Direct and indirect standardization procedures aim at comparing differences in health or differences in health care expenditures between subgroups of the population after controlling for observable morbidity differences. There is a close analogy between this problem and the issue of risk adjustment in health insurance. We analyse this analogy within the theoretical framework proposed in the recent social choice literature on responsibility and compensation. Traditional methods of risk adjustment are analogous to indirect standardization. They are equivalent to the so-called conditional egalitarian mechanism in social choice. In general, they do not remove incentives for risk selection, even if the effect of non-morbidity variables is correctly taken into account.
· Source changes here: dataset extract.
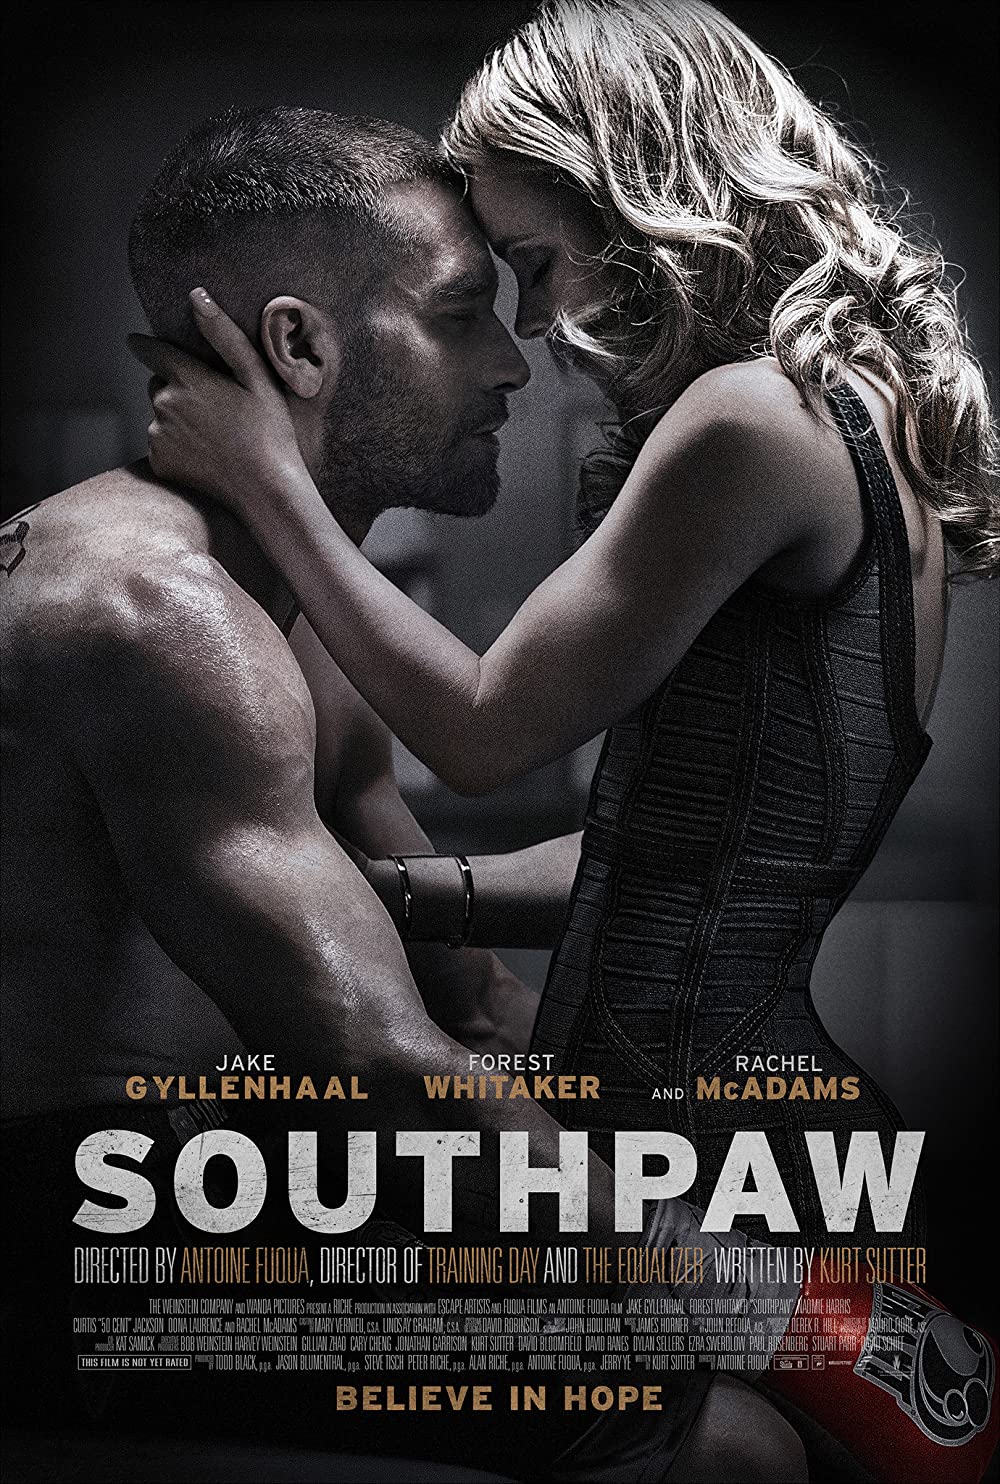 ดูหนัง Southpaw (2015) เซาท์พาว สังเวียนเดือด [Full-HD]
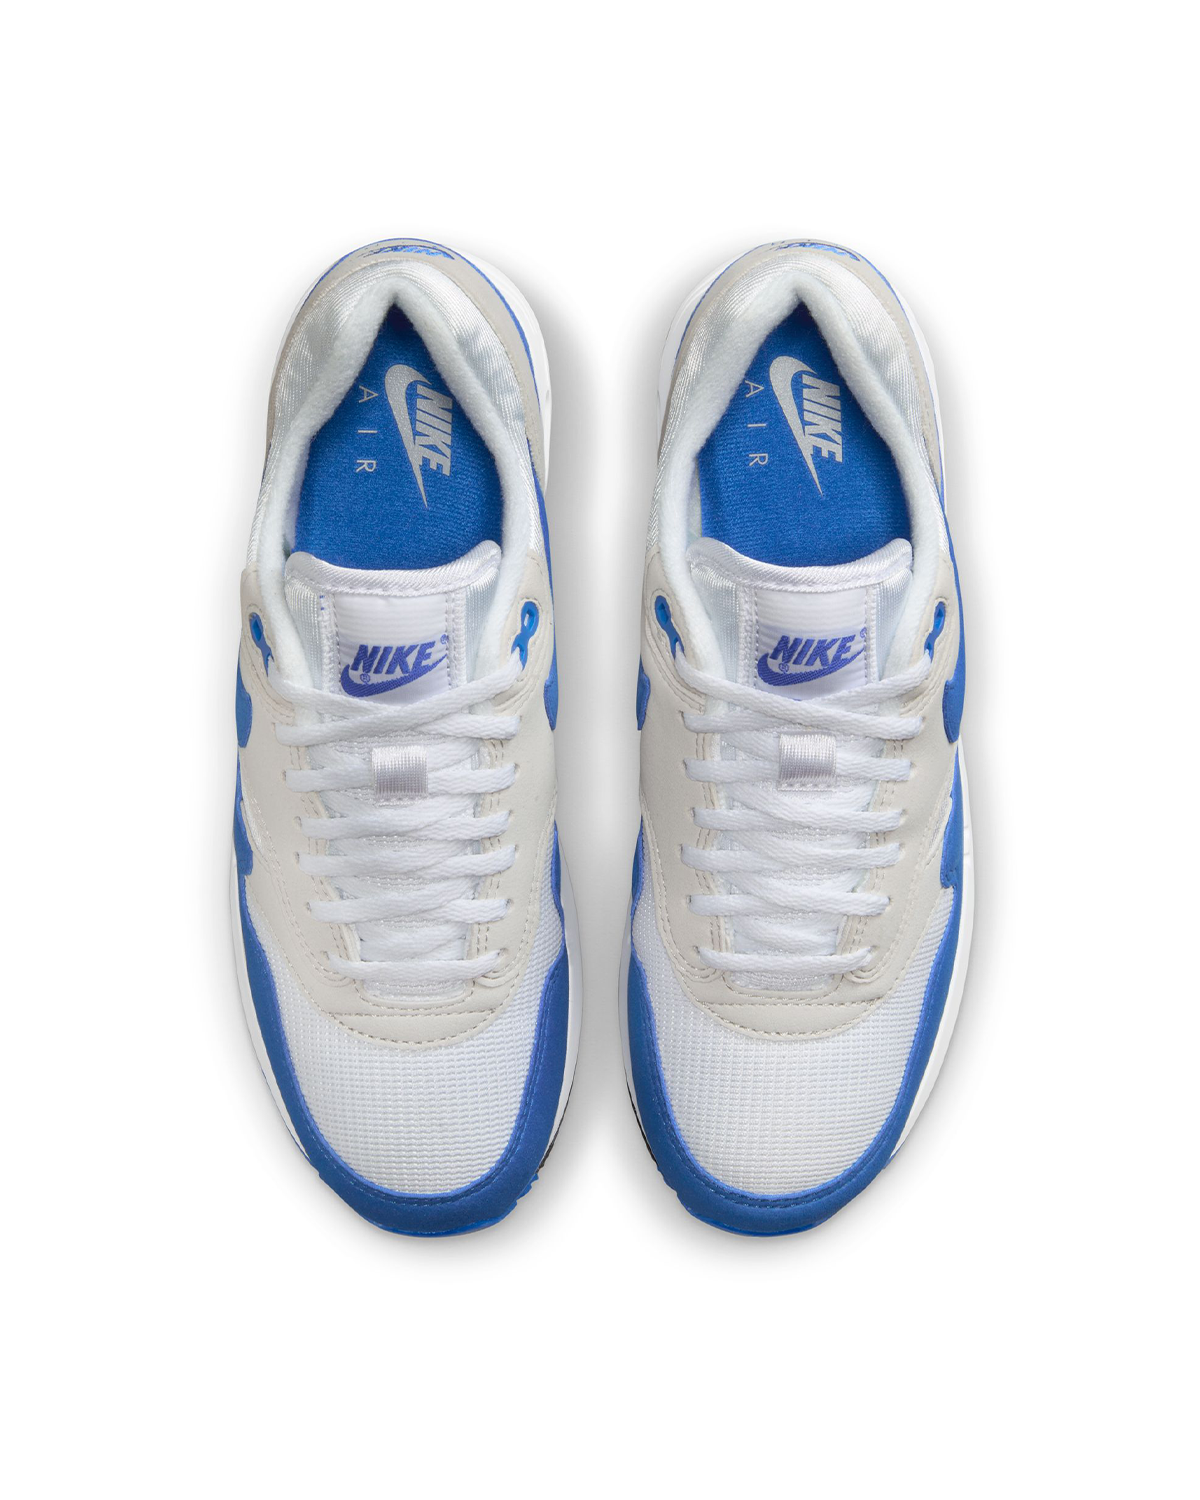 Nike Air Max OG 1 '86 OG Royal Blue

A method of risk adjustment based on direct standardization (as proposed for Ireland) does remove the incentives for risk selection, but at the cost of violating a neutrality condition, stating that insurers should receive the same premium subsidy for all members of the same risk group. Direct standardization is equivalent to the egalitarianequivalent (or proportional) mechanism in social choice. The conflict between removing incentives for risk selection and neutrality is unavoidable if the health expenditure function is not additively separable in the morbidity and efficiency variables.

Suggested Citation

  • Erik Schokkaert & Carine Van De Voorde, 2007. "Direct versus indirect standaardization in risk adjustment," Working Papers of Department of Economics, Leuven ces0733, KU Leuven, Faculty of Economics and Business (FEB), Department of Economics, Leuven.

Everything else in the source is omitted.